# adjusting stock struts/shock...is it possible???



## sergod (Mar 27, 2003)

i recently dropped my sentra 2", im sure its 2" because the gap in the back is completely gone. any way, so after lowering my car at the shop, i drive home and i suddenly her knocking noise comming from the back right tire everytime i hit a medium size bump or pot hole...so i imidiately think its the spring or the struts but it wasent....it was the aftermarket pipping that i had done in a shop for my muffler that was hitting part of the chasses...to the point know, so i push the back of my car up and down and notice that it was very shoft not stiff at all...so maybe if i can stiffen the back struts/shocks, it will lessen the likely hood of the pipping hitting the chasse...if not, then i have to seriously consider buying aftermaket ones....by the way, i searched the forum for this topic and i could only find topic talking about aftermaket struts/shocks.......thanks to all in this forum....


----------



## Token Moron (Mar 28, 2003)

no u cant adjust stock struts..just buy new ones if the ones u have now are blown


----------



## Harris (Nov 11, 2002)

Please post in the correct section.
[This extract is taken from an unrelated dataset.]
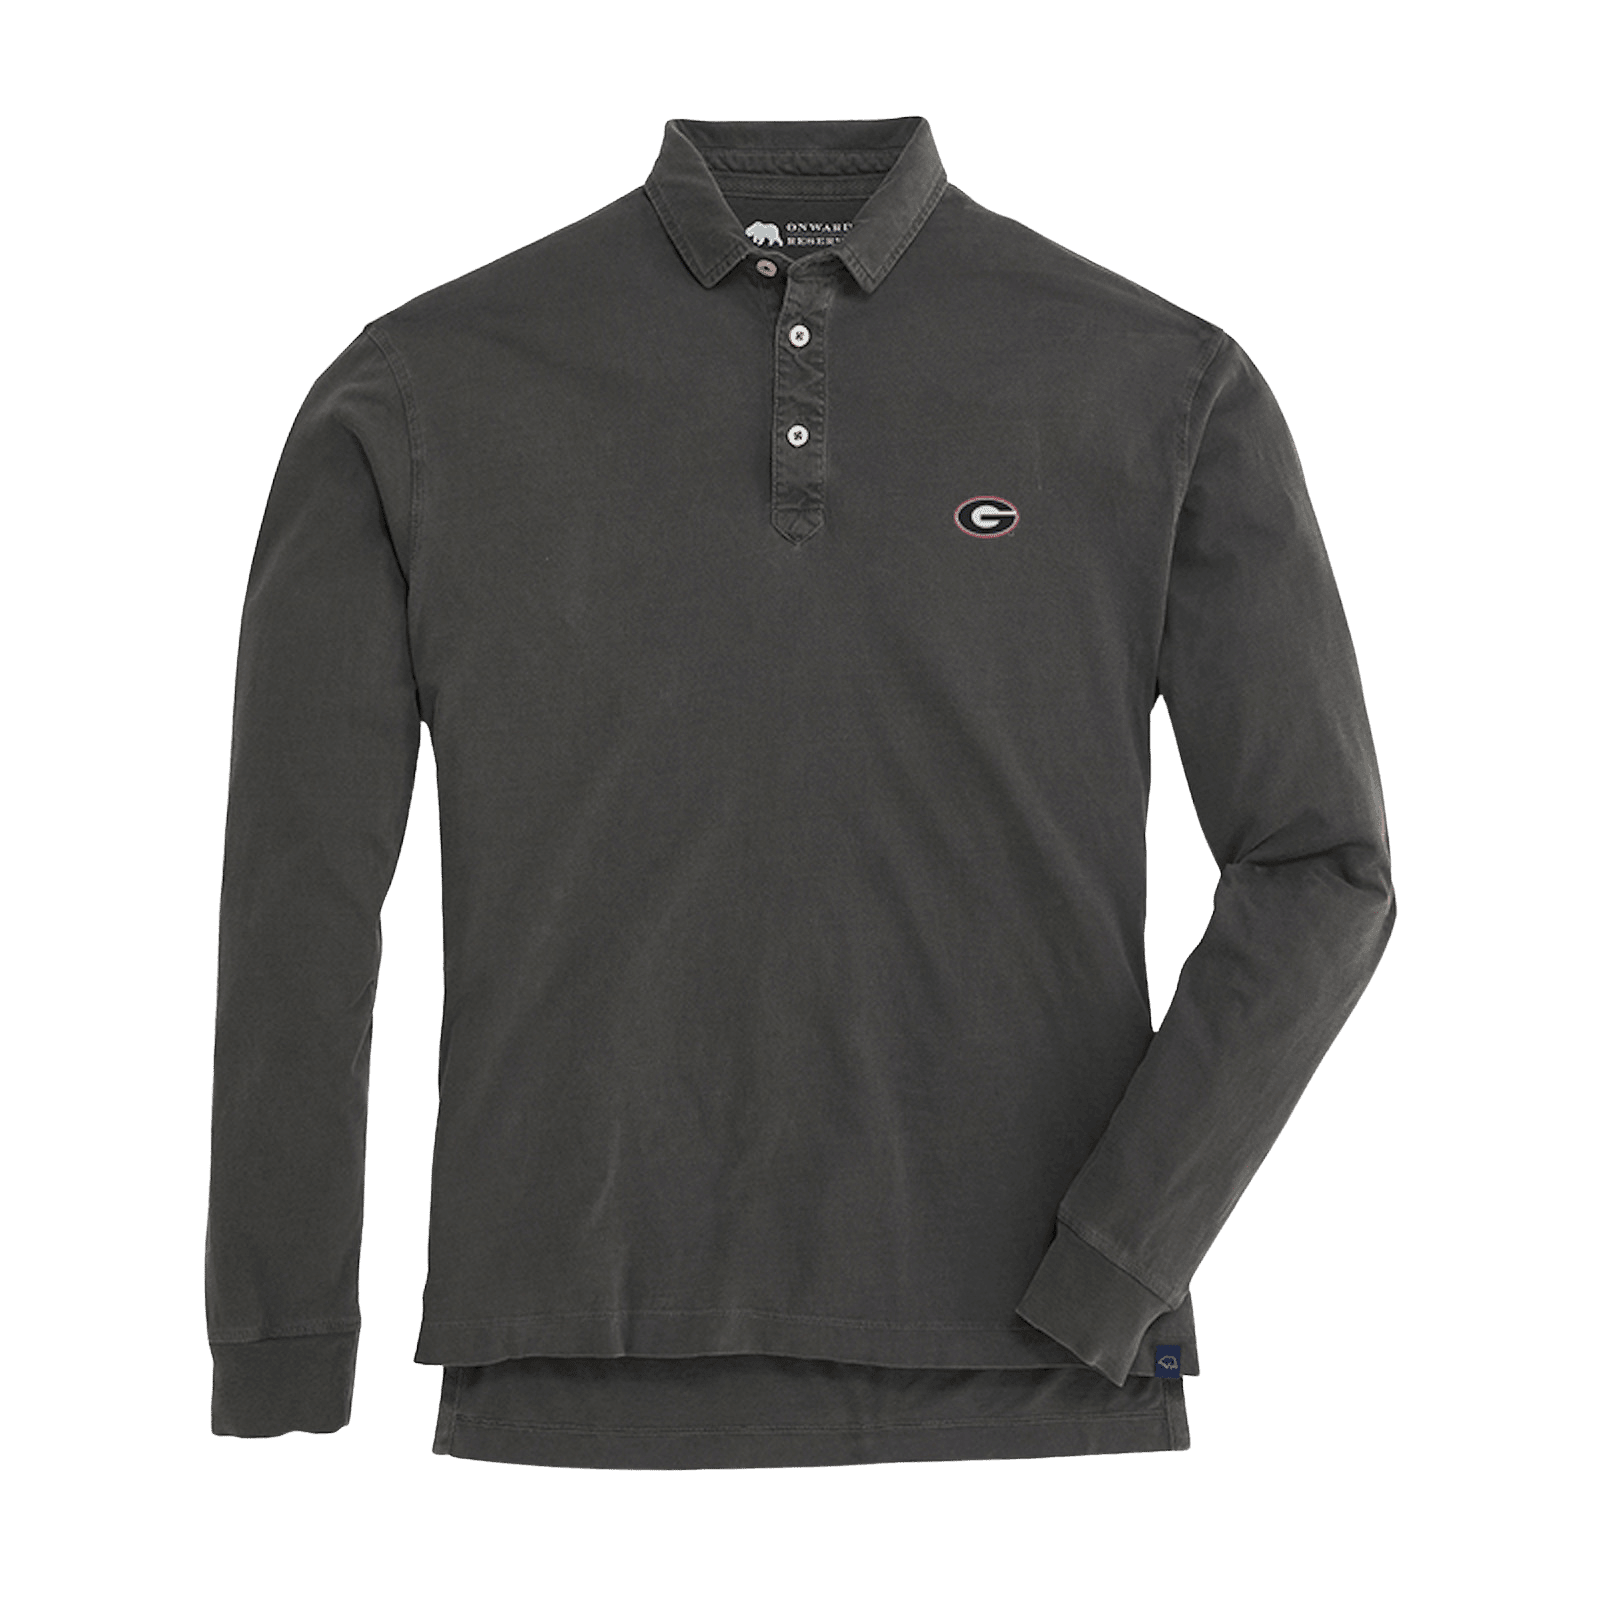 Super G Perry Long Sleeve Polo - Onward Reserve

Moving to Suspension & Brakes.


----------



## chimmike (Oct 17, 2002)

LOL! adjust stock shocks. Sure! lets just go turn that lil knob on them and make them stiffer............thats why all those adjustable struts they sell are just ripoffs when you can adjust your stockers!


----------



## sergod (Mar 27, 2003)

that really sucks...ok then, i guess i gotta start saving again...thanks guys...


----------